▸ Required action: Your task is to output the listing exactly, leaving every image out.

▸ The data:
--------------------------------

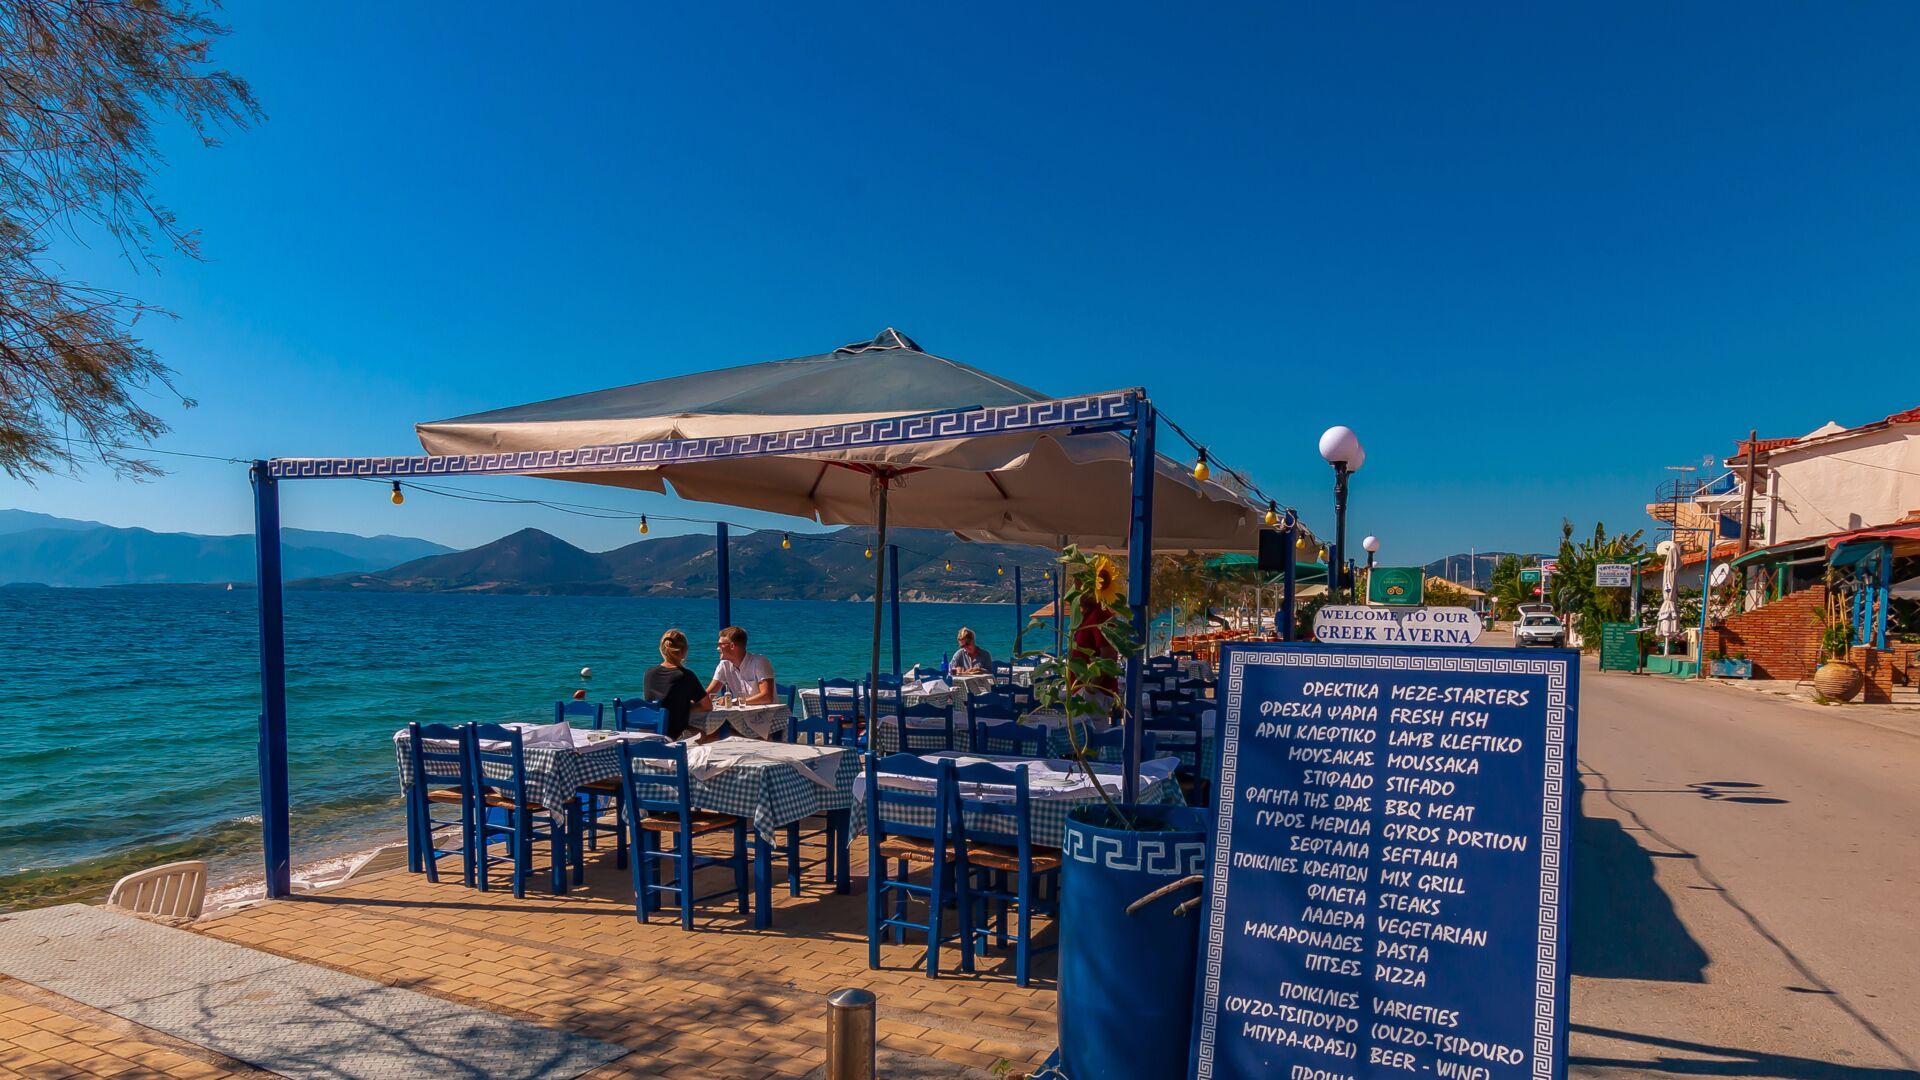 Grækenland er største rejsemål for danske Primo Tours. Charterrejsebureauet lancerer næste år Paleros på vestkysten af det græske fastland som nyt rejsemål med en ugentlig flyvning fra Billund Lufthavn med Atlantic Airways. Pressefoto via Primo Tours.
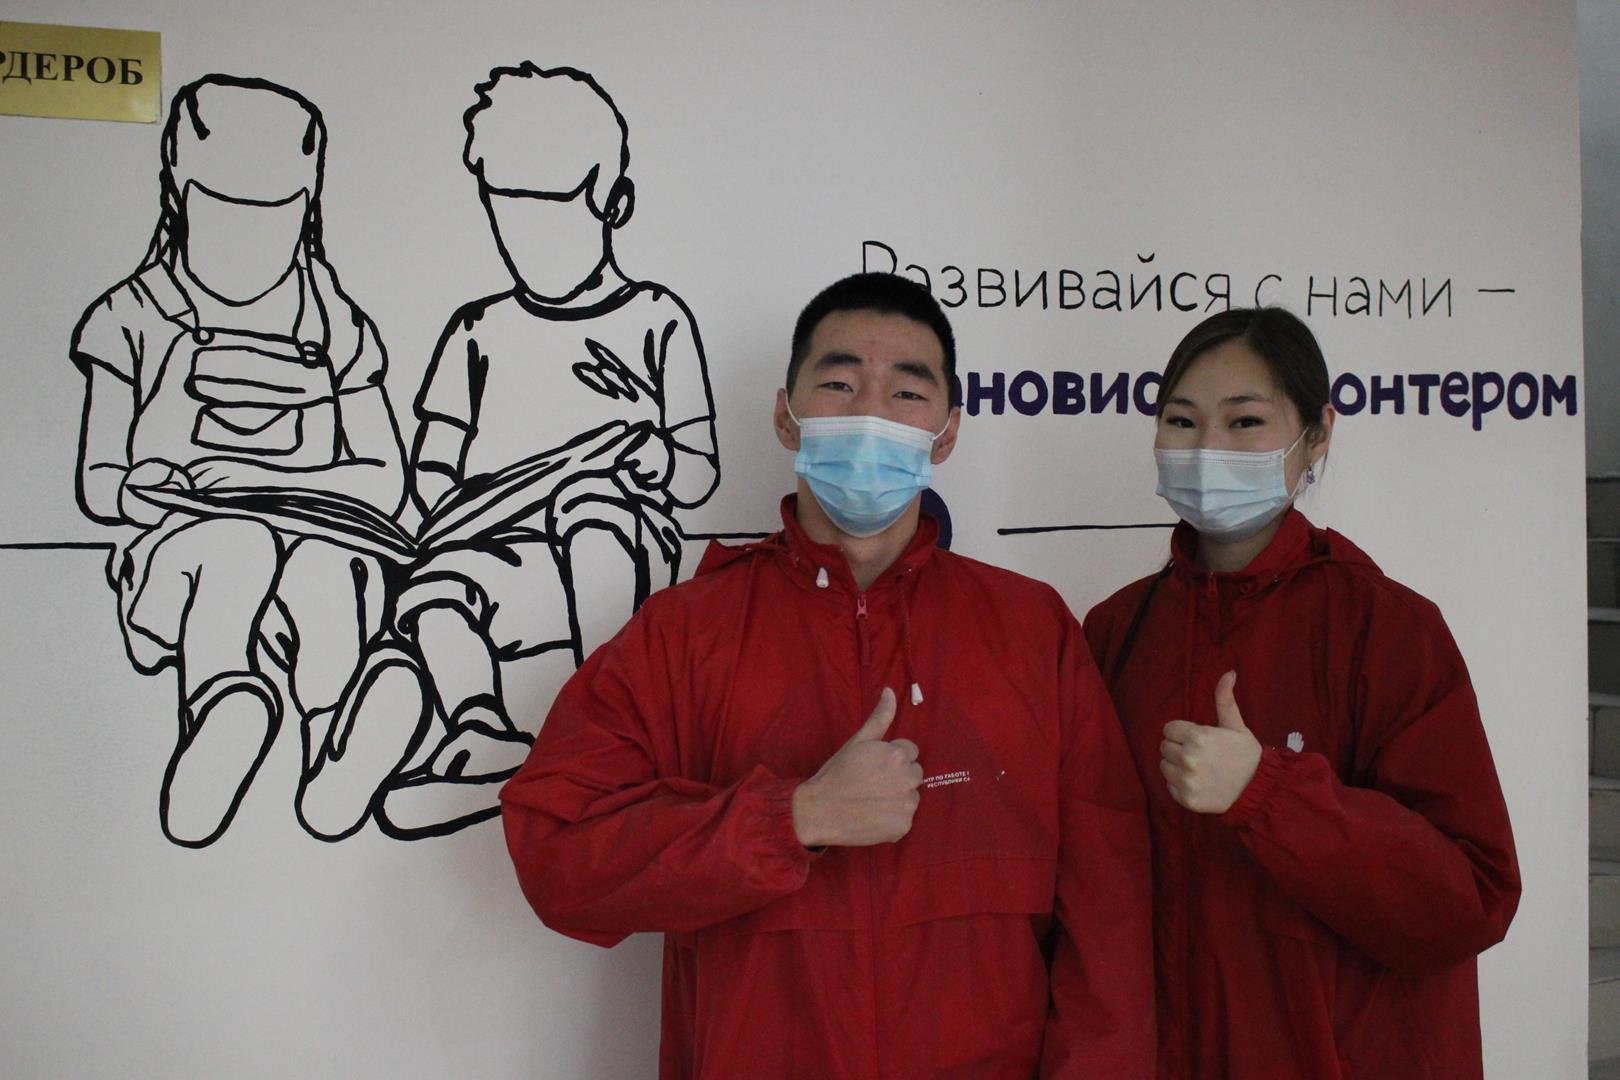 Волонтеры Якутии. Репортаж ЯСИА о работе добровольцев во время пандемии
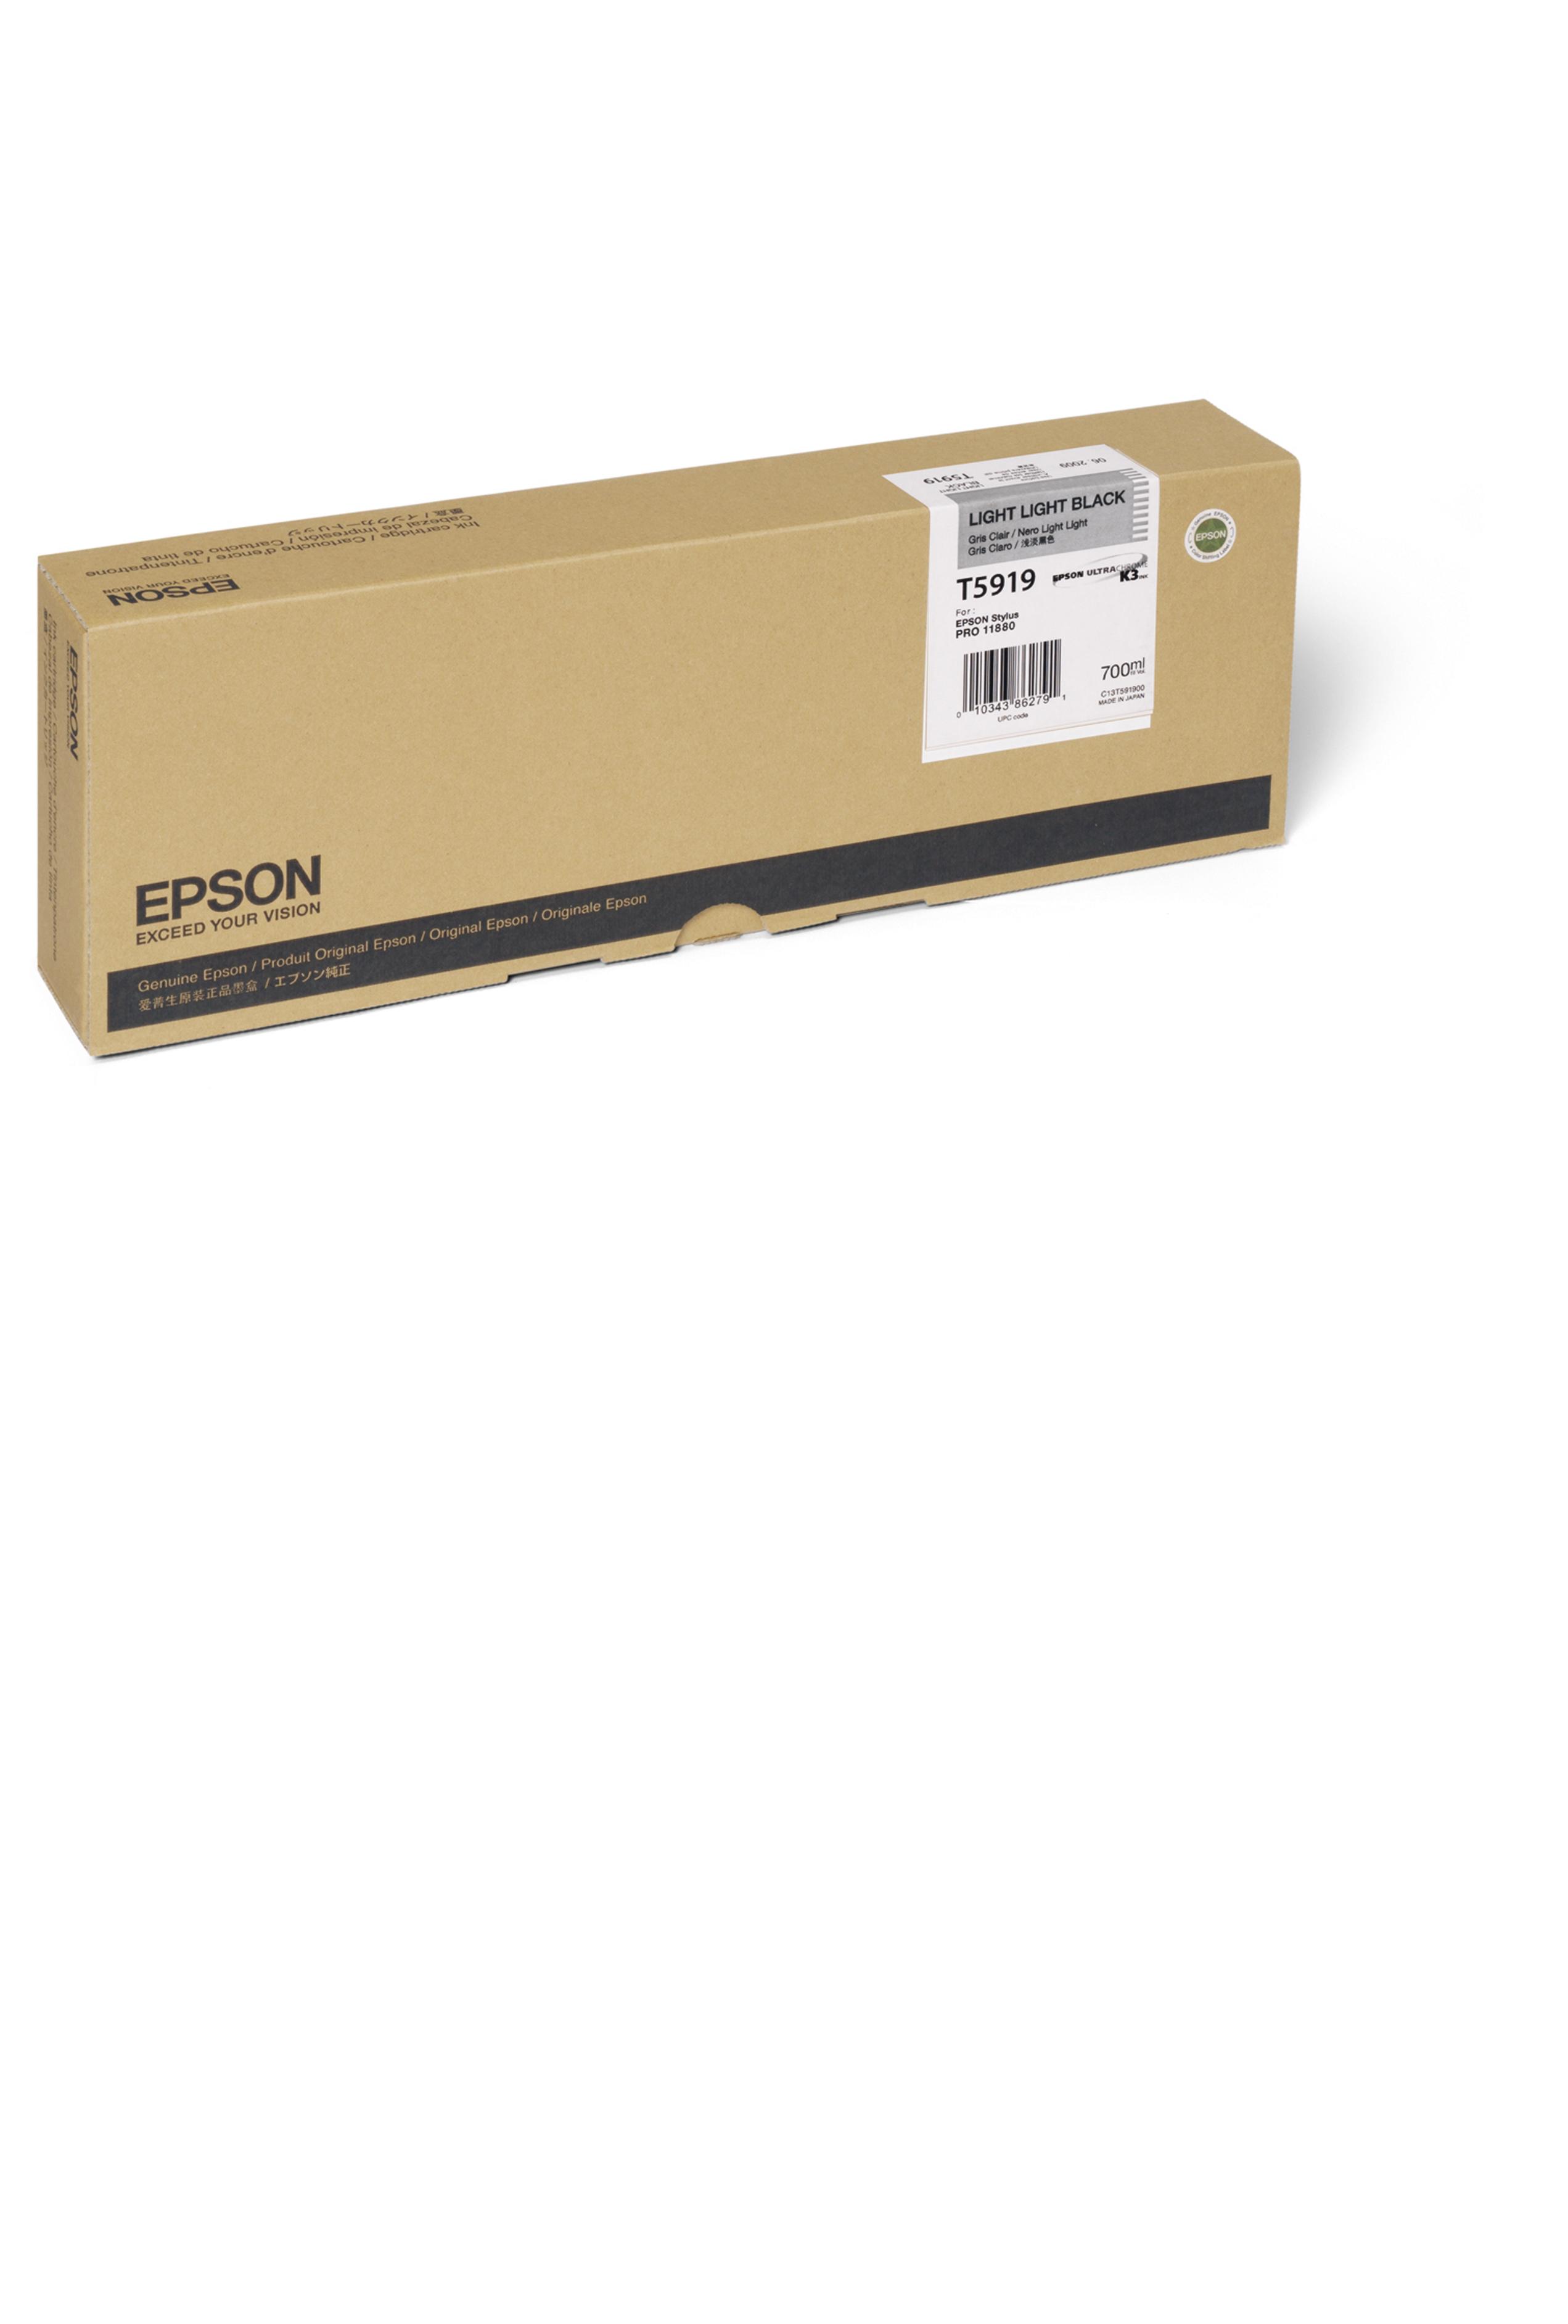 Epson EPSON HI LT LT BLACK INK (700 ML) (T591900)

--------------------------------

▸ Reply:
 Grækenland er største rejsemål for danske Primo Tours. Charterrejsebureauet lancerer næste år Paleros på vestkysten af det græske fastland som nyt rejsemål med en ugentlig flyvning fra Billund Lufthavn med Atlantic Airways. Pressefoto via Primo Tours.
 Волонтеры Якутии. Репортаж ЯСИА о работе добровольцев во время пандемии
 Epson EPSON HI LT LT BLACK INK (700 ML) (T591900)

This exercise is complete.